Top 10 TED Talks for MBA Students

TED talks bring the greatest minds to the stage, from which they can share their experience about just about anything. Here are the top 10 talks about business for MBA students.

#1. Simon Sinek: How Great Leaders Inspire Action


Sinek’s TED talk deserves to be the most-watched. In it, he describes the “Golden Circle” and explains the approach of great leaders. Apple and Martin Luther King, Jr. serve prominently as his examples. Their secret? Don’t start the conversation with how you do what you do, but why you do it.

#2. Amy Cuddy: Your Body Language Shapes Who You Are


Cuddy explores the largely understood significance of non-verbal language. Illustrating its importance with early examples of unrecoited handshake offers, she quickly transitions into what body language can do for you. It turns out that emotion doesn’t just influence our bodies, but our bodies also influence our emotions. The professional
implications are staggering. Landing a job, securing a client and increasing your at-work pleasure can all be done with the right body language!
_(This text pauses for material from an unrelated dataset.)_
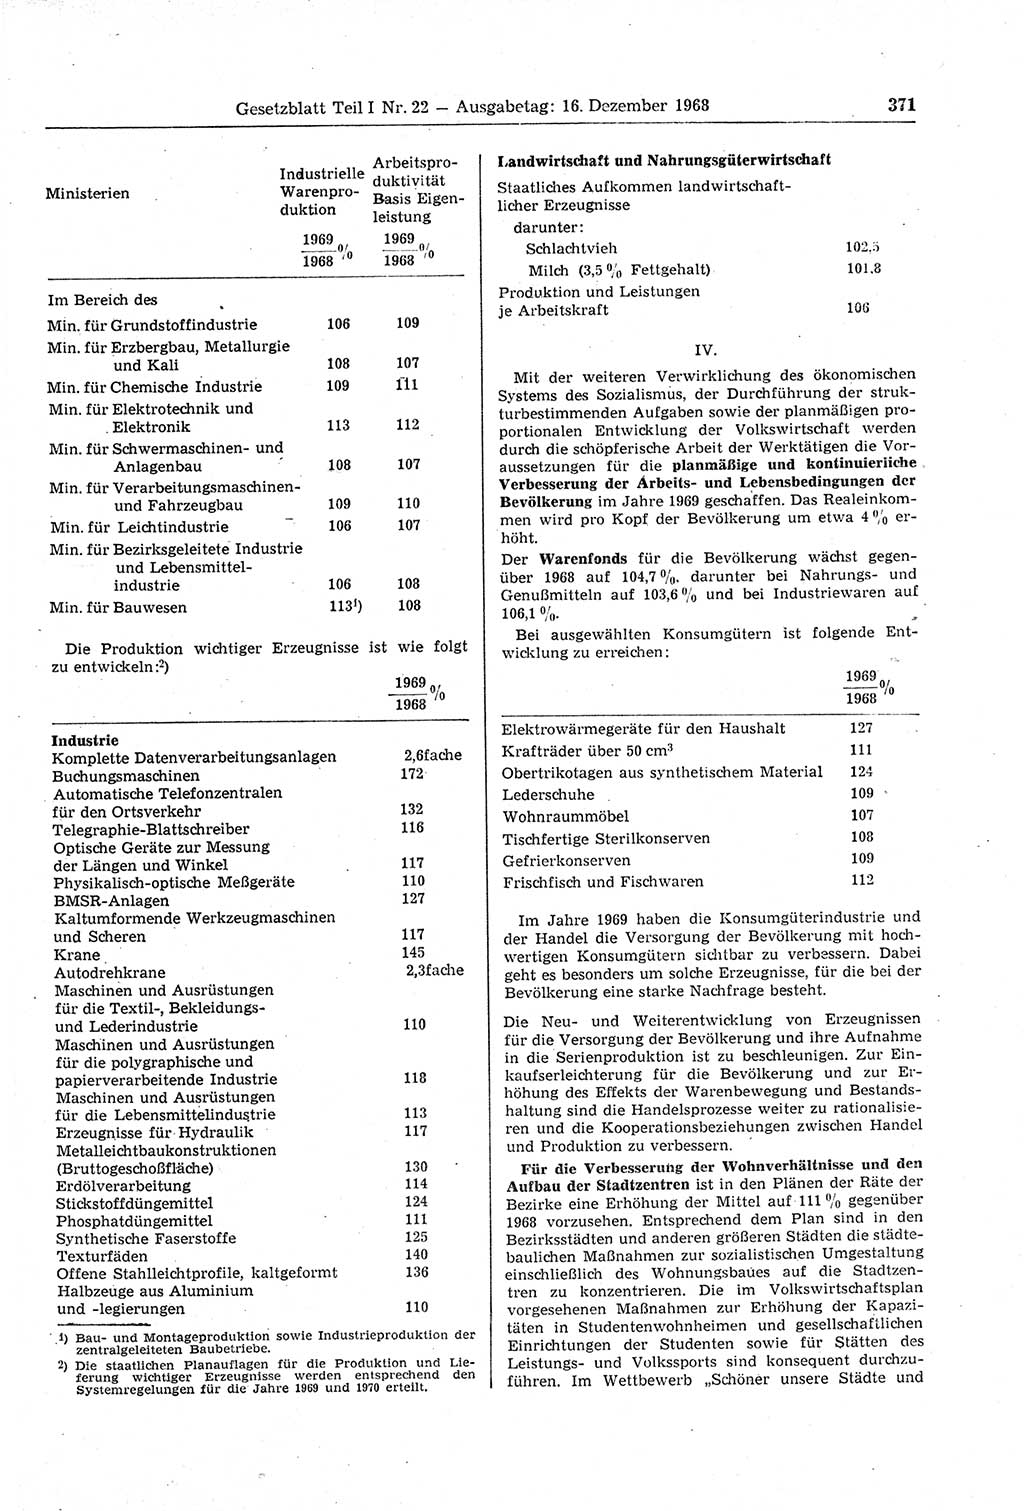 Gesetzblatt (GBl.) der Deutschen Demokratischen Republik (DDR) Teil Ⅰ 1968, Seite 371 (GBl. DDR Ⅰ 1968, S. 371)

#3. Tony Robbins: Why We Do What We Do


Robbins is a big man and a quick talker. His talk is a highly condensed version of his typical 50-hour seminars in which he explains his position as a “Why Guy.” After assuring the audience he is not a motivational speaker, he jumps right into discussing the invisible forces that drive us: emotion, state of mind, world view, etc. Also, there’s a weird cameo with Al Gore.

#4. Dan Pink: The Puzzle of Motivation


Pink puts the traditional workforce reward system on blast. The old ways of motivating employees to succeed make sense intuitively, but do they work? A 40-year tradition of motivation misses the mark. As it turns out, the real motivation doesn’t come from things, things, things. It comes from somewhere else.

#5. Susan Cain: The Power of Introverts


A bookworm since childhood, Cain still remembers the time her camp counselor made her store her literature under the bed. She’s an introvert, but she’s knows she’s not alone. History’s leaders, she argues, aren’t necessarily best when they’re loud, confident and certain. Sometimes the contemplative introvert has an arsenal all her own and Cain explores it beautifully.

#6. Shawn Achor: The Happy Secret to Better Work


Achor’s very personality screams happiness. He seems like the authority to speak on the subject. As we bud into adulthood, the merit of work is made clear to use. Hard work means success. Success means freedom. Freedom means happiness. The harder we work, it follows, the more we should be happy, right? Achor flips that conventional wisdom on its head and suggests a simple alternative: be happy first.

#7. Barry Schwartz: The Paradox of Choice


Schwartz is smart. You can see it when he takes the stage. A psychologist by profession, it’s no surprise that Schwartz wants to tackle the way that we think. He confidently assesses the surest of human freedoms: the freedom of choice. While our many decisions seem to give us all the opportunity we could want, we’re actually paralyzed. Are you paralyzing your customers?

#8. Richard St. John: 8 Secrets of Success


The shortest of the most popular TED talks, St. John rattles off the top 8 secrets to business success at breakneck speed. The secrets, it turns out, aren’t nearly as secretive as we may have believed. Sometimes, though, even the obvious needs stating. This 3-minute video is jam-packed with useful information. Stop reading. Watch it.

#9. Amanda Palmer: The Art of Asking


Palmer is a self-proclaimed freak with an interesting past. A liberal arts education and a 5-year work history as a self-employed street statue gave her a unique perspective. In the wake of her success as a musician, she encourages everyone to use the revolutionary marketing secret she discovered on her path. Don’t charge money for music–just ask for it.

#10. Jamie Oliver: Teach Every Child About Food


Oliver tackles one of the biggest industries the world has ever known. Everybody needs to eat, and so there’s lots of money in it. But is it the right food? Do we know what we’re eating? What we’re learning about food doesn’t come from home any longer. It comes from the businesses that produce it. In a world where the dollar runs everything, are we erroneously letting money influence things where business has no place?